Impire is a dungeon keeper game set in Ardania, the setting of the Majesty series. How does Impire compared to Dungeons 3 and the old Dungeon Keeper games? Mostly poorly, which is too bad, since neither of those were all that great. Dungeon Keeper (and DK2) had promise and Dungeons 3 is mechanically solid but has poor writing and won’t shut up. Impire, by contrast, is slightly more boring mechanically while being just as bad in writing, although they don’t spend as much time on the cut scenes, at least.
In Impire, you play as Baal, a demon king summoned to help the warlock Oscar get petty revenge on everyone who wronged him. Oscar is petulant, entitled, and stupid, and on the one hand that’s a realistic depiction of typical human evil, but on the other hand it’s not super fun to be taking orders from this guy. Baal does at least threaten to skin Oscar alive any time he gets too uppity, but we still spend all our time pursuing this guy’s petty dreams of wealth, power, and lust. You do get a chance at the end to choose between Oscar and Velvet the Phantom King, an ancient ghost you release at the end of Act III (of IV) but who turns out to be good. I went Phantom King because sure, it’s pretty out-of-theme to save the world instead of conquering it, but I was beyond sick of Oscar.
It seems like this was originally supposed to be more of a thing, as a medusa queen and a noble king both make the same offer to Baal at different parts of the story, but he rejects both of them without the player choosing anything. Maybe you were originally supposed to be able to choose between four different factions, the default one for Oscar and then you’d have a chance to swap out for a new one periodically. The last act of the game has two completely different sets of cut scenes (maybe even completely different stages, I haven’t checked what Oscar’s route looks like, but the Phantom King’s route is clearly not recycling cut scenes from Oscar’s because Oscar is dead and the cut scenes feature the Phantom King heavily), so this would require more and more divergent cut scenes the more different versions of each mission there were.
Mechanically, every mission is the same, at least on normal difficulty. First you build up a dungeon, then you send your maxed out army to conquer everything. You’re almost never under any pressure to build quickly, so you can use the exact same army build every time. You have to change dungeon layout a little to deal with different underground terrain, but there’s always enough room for everything you want, so it changes very little.

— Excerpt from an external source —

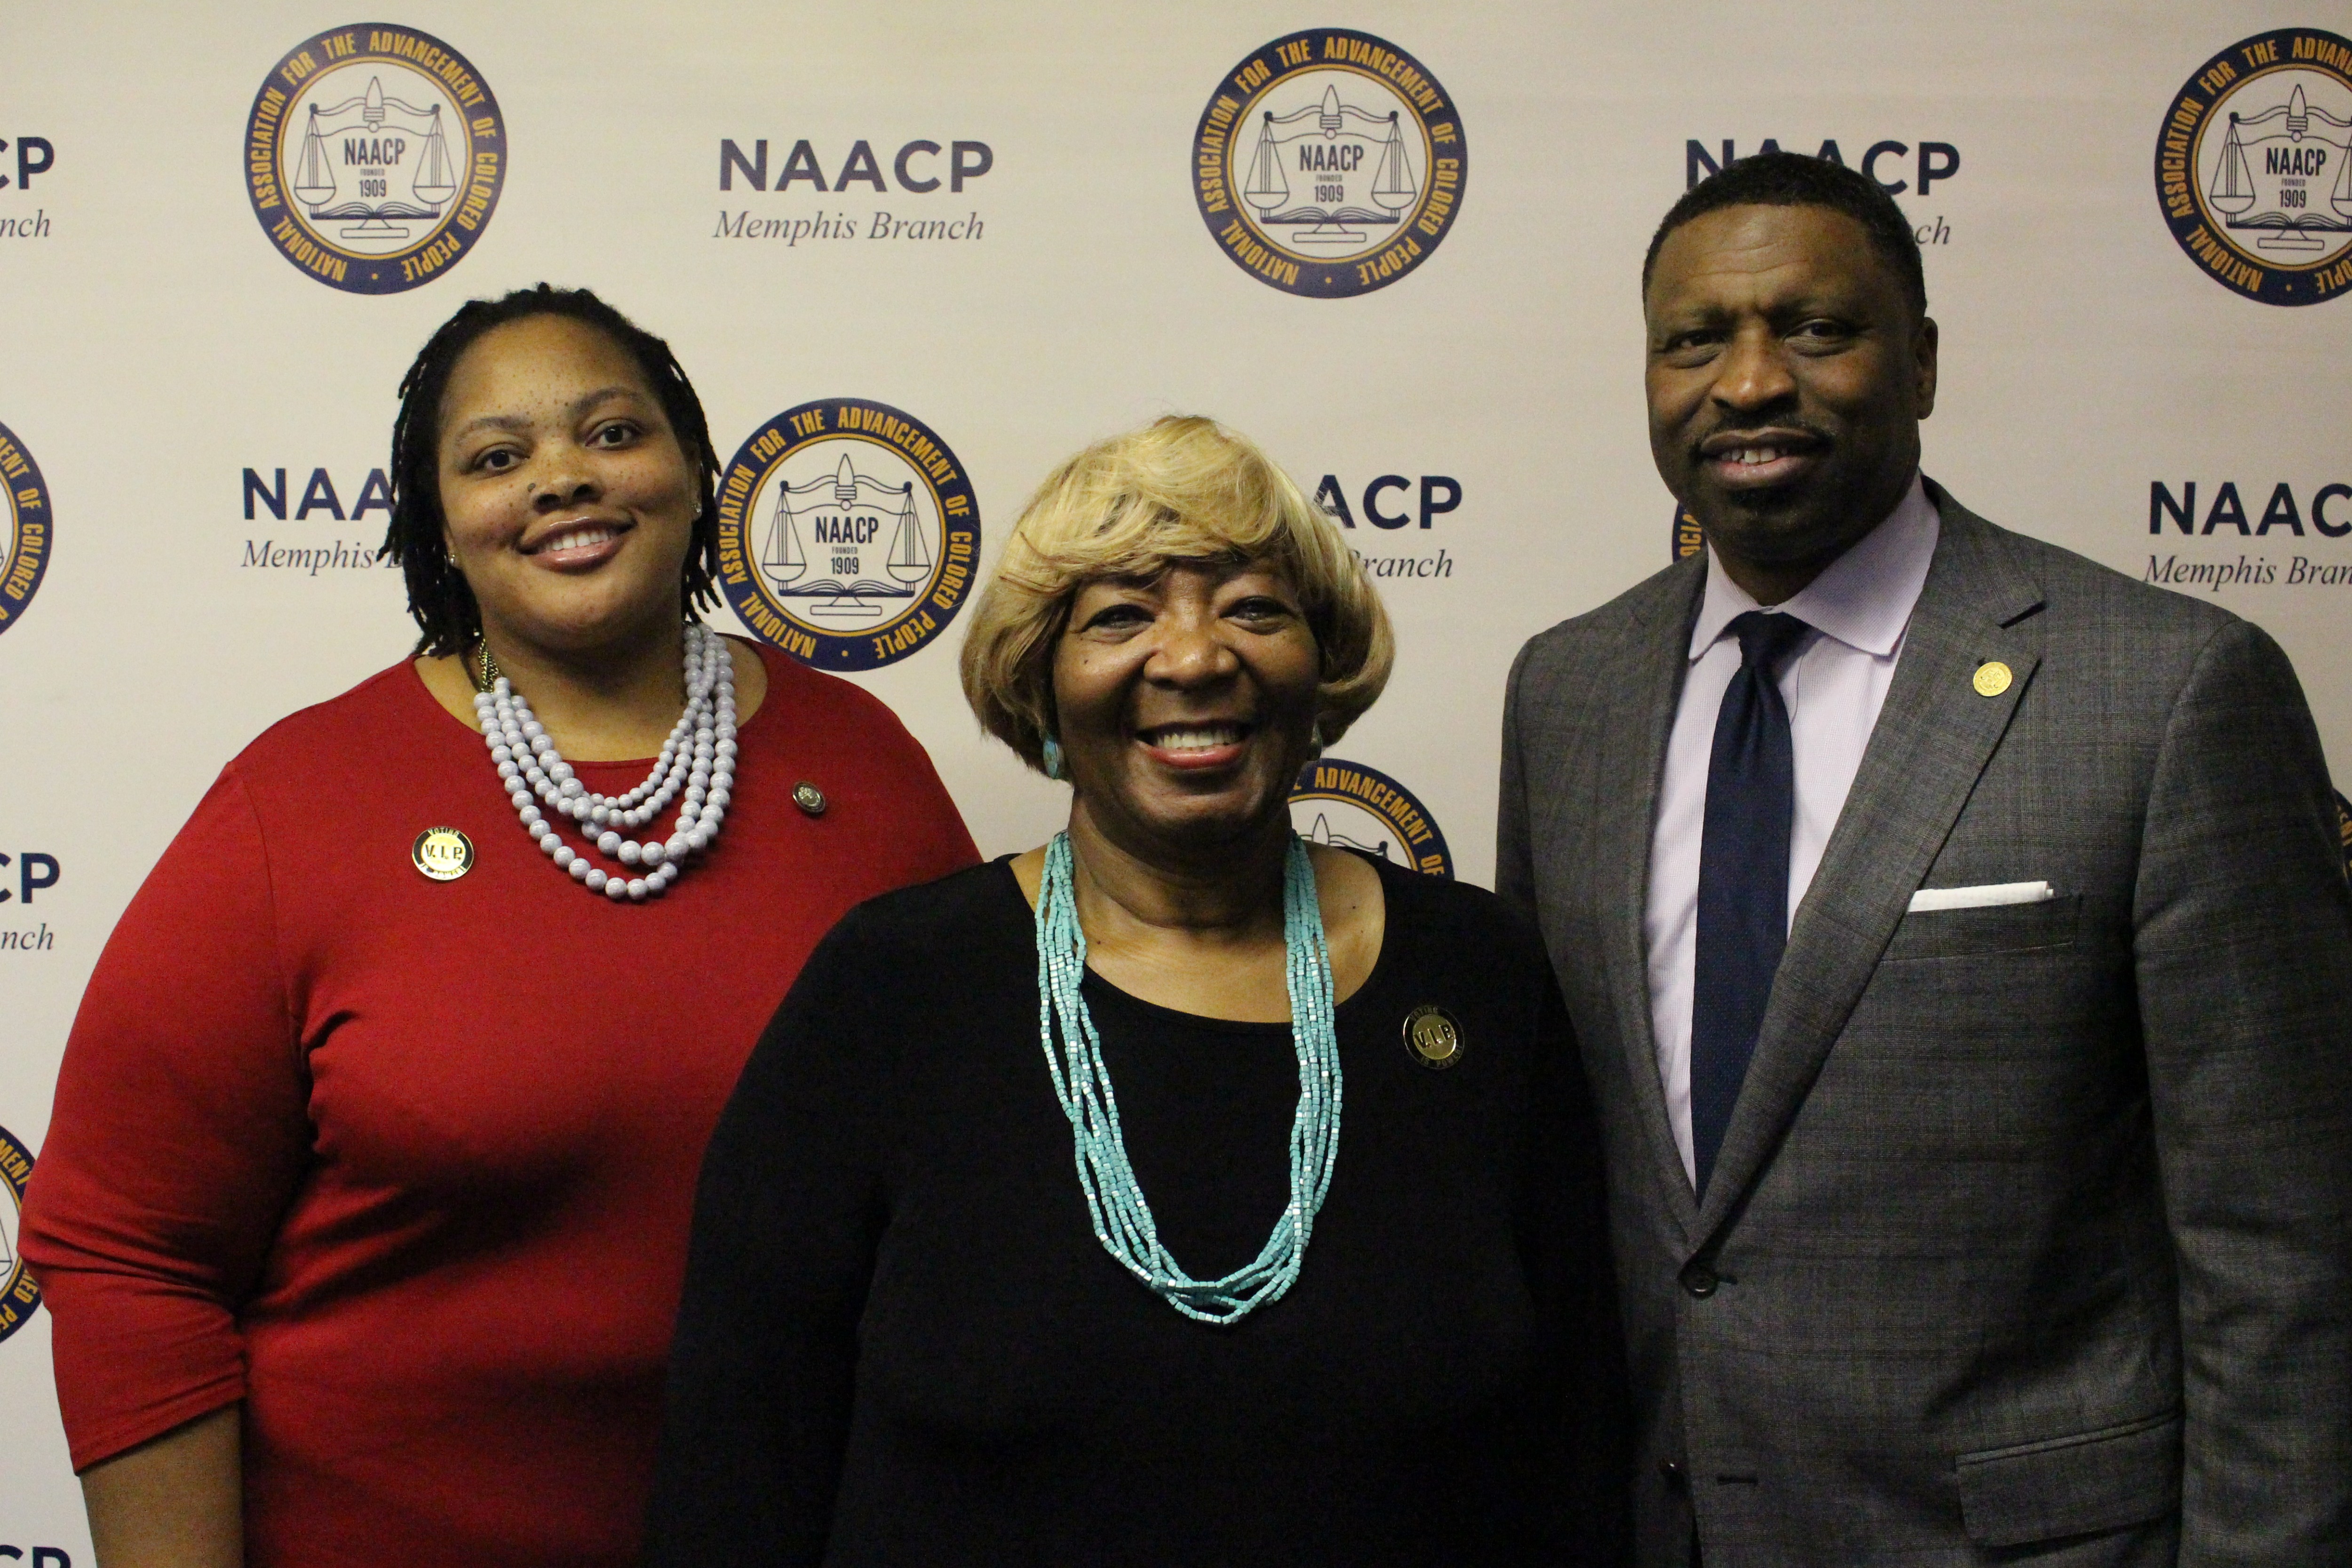 (L to R) County Commissioner Tami Sawyer, Tennessee’s NAACP president, Gloria Sweet-Love, and national NAACP president, Derrick Johnson, at the Oct 26 NAACP press conference. (Melonee Gaines)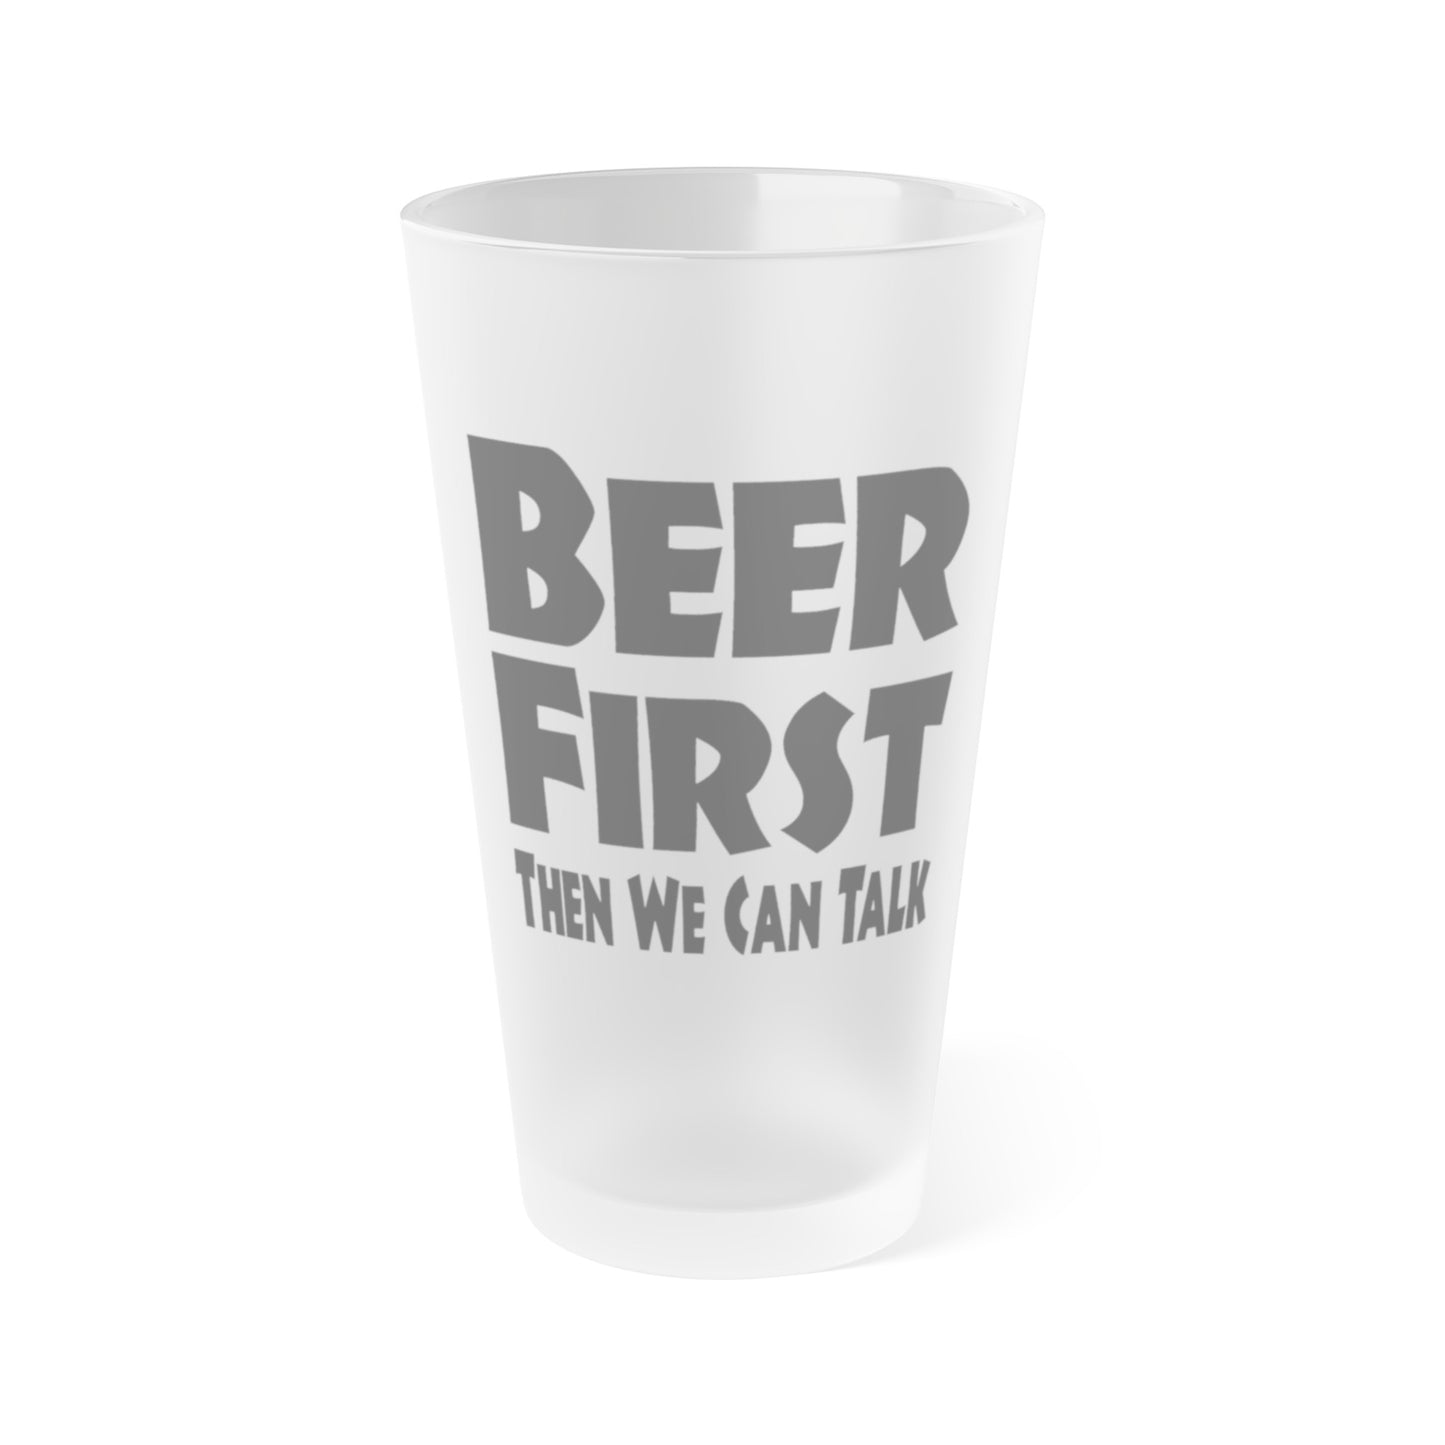 BEER FIRST, Then We Can Talk - Frosted Pint Glass, 16oz

It’s not unplayably bad, but I wouldn’t have finished it if I didn’t want to play the dungeon keeper genre thoroughly for academic reasons. The only game in the genre I haven’t played (that I know of – indies are hard to keep track of) is War for the Overworld and the recently released Dungeons 4. For the latter, it seems pretty similar to Dungeons 3, so I feel like I gave that series a chance and it’s the best the genre has to offer so far, but its new installment won’t fix its flaws. I don’t know how War for the Overworld will go, we’ll see if its plot is any better.

If you are still hungry for a Dungeon Keeper -likes in the year 2024 – give KeeperRL a try. IMO, it’s the best one by far.